Little Rock: Gov. Asa Hutchinson on Tuesday approved performance-related merit pay raises of as much as 3% for state employees. Hutchinson announced that $28 million in state and federal funds was allocated for the merit pay increases, which he said will be the largest performance pay raises offered since he took office in 2015. The Republican governor cited the work from the state’s employees in response to the coronavirus pandemic. He said the raises will be added to employees’ existing pay and won’t be a one-time raise. Nearly 26,000 employees are eligible for the bumps. “This last year, our workforce has shown dedication, resilience and flexibility during this pandemic,” Hutchinson said at a news conference. “It’s been circumstances that no workforce has been through in the last 100 years.”
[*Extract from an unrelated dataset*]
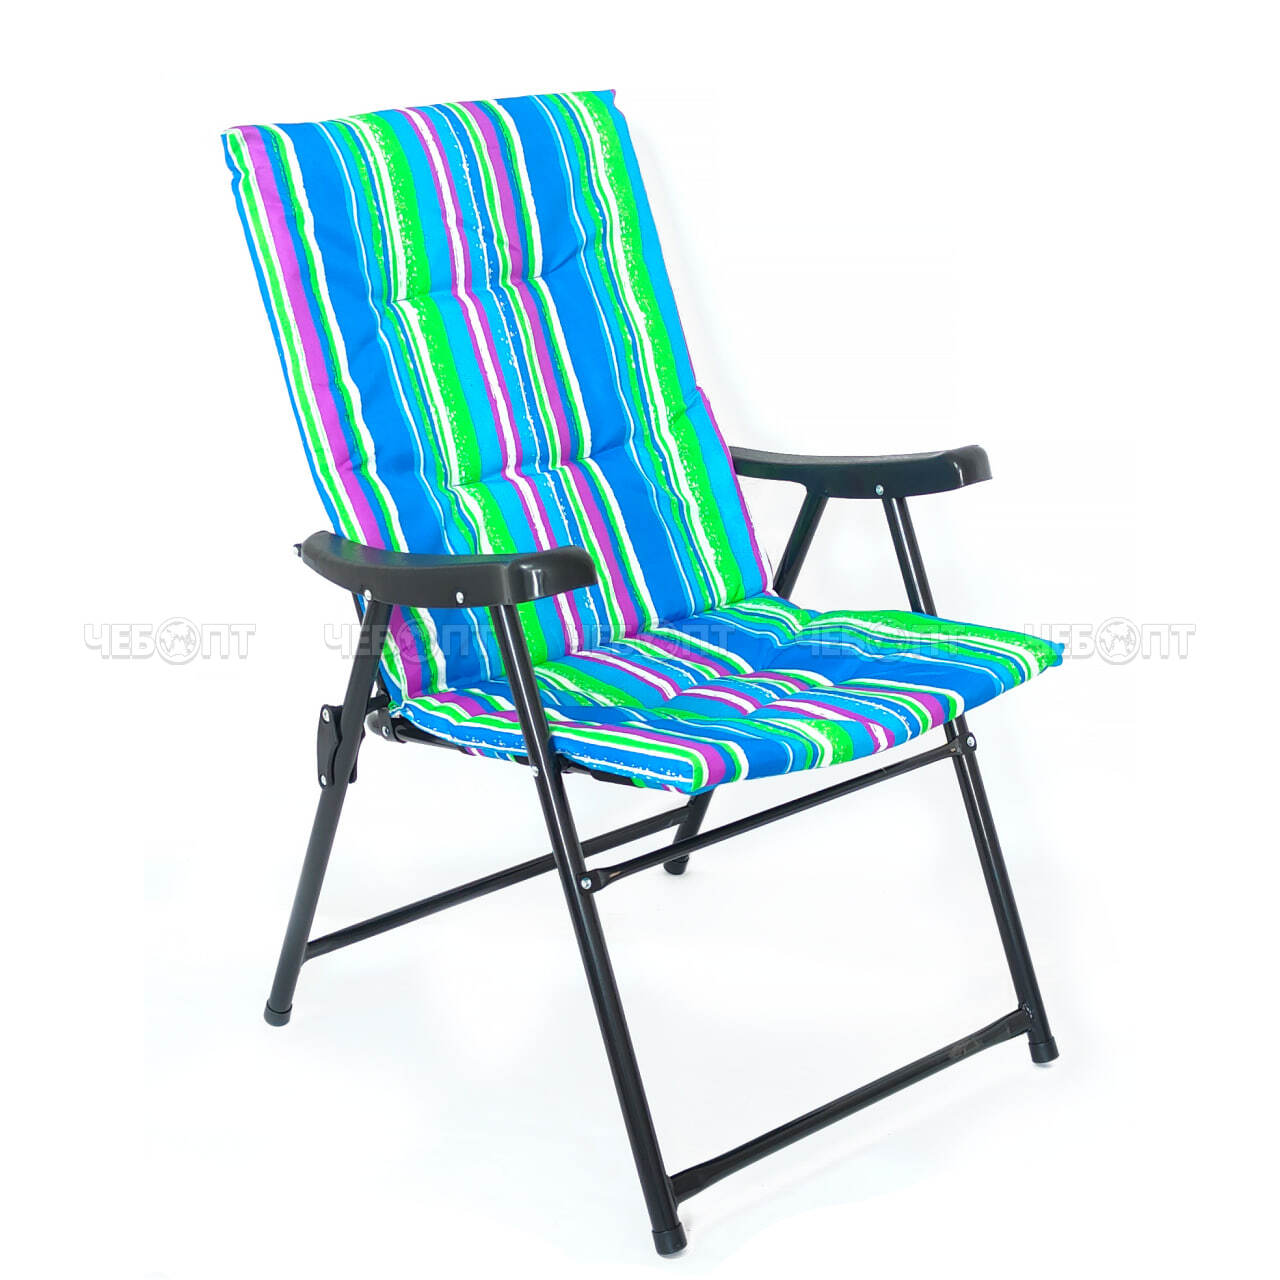 Кресло - складное 520*600*900 мм мягкое, хлопчатобумажная ткань, нагрузка до 120 кг, цвета в ассортименте арт. HY-8026, 290023 $ [6] GOODSEE. ЧЕБОПТ.

The retired Cunard ocean liner Queen Mary at its permanent mooring in the harbor at Long Beach, Calif. (Photo: John Antczak/AP)
Long Beach: City officials have said they will spend $2.5 million to maintain the historic Queen Mary ocean liner for the next six months and plan out the repairs needed to reopen the tourist destination. The Long Beach City Council on Tuesday voted unanimously to enter into a $2 million temporary caretaker contract with the ship’s current on-ship operator, Evolution Hospitality, for the next six months with the possibility of a six-month extension, The Orange County Register reports. Officials said the remaining $500,000 will pay for the city’s contract engineer, Moffatt & Nichol, to develop the engineering and design repair work, which is estimated to cost $5 million. It was not immediately known how the city would pay for future repair work. Council members agreed Tuesday that regaining control of the ship for the first time since 1978 provides the city an opportunity to preserve and leverage an asset considered synonymous with the city. “Anywhere we go, the Queen Mary represents Long Beach,” Councilwoman Mary Zendejas said. “Nobody is going to be able to take care of the Queen Mary as much as we can now that we have it back in our hands.”
A wolf is captured on a state game camera in Moffat County, Colo., on June 3, 2020. (Photo: Colorado Parks and Wildlife via AP)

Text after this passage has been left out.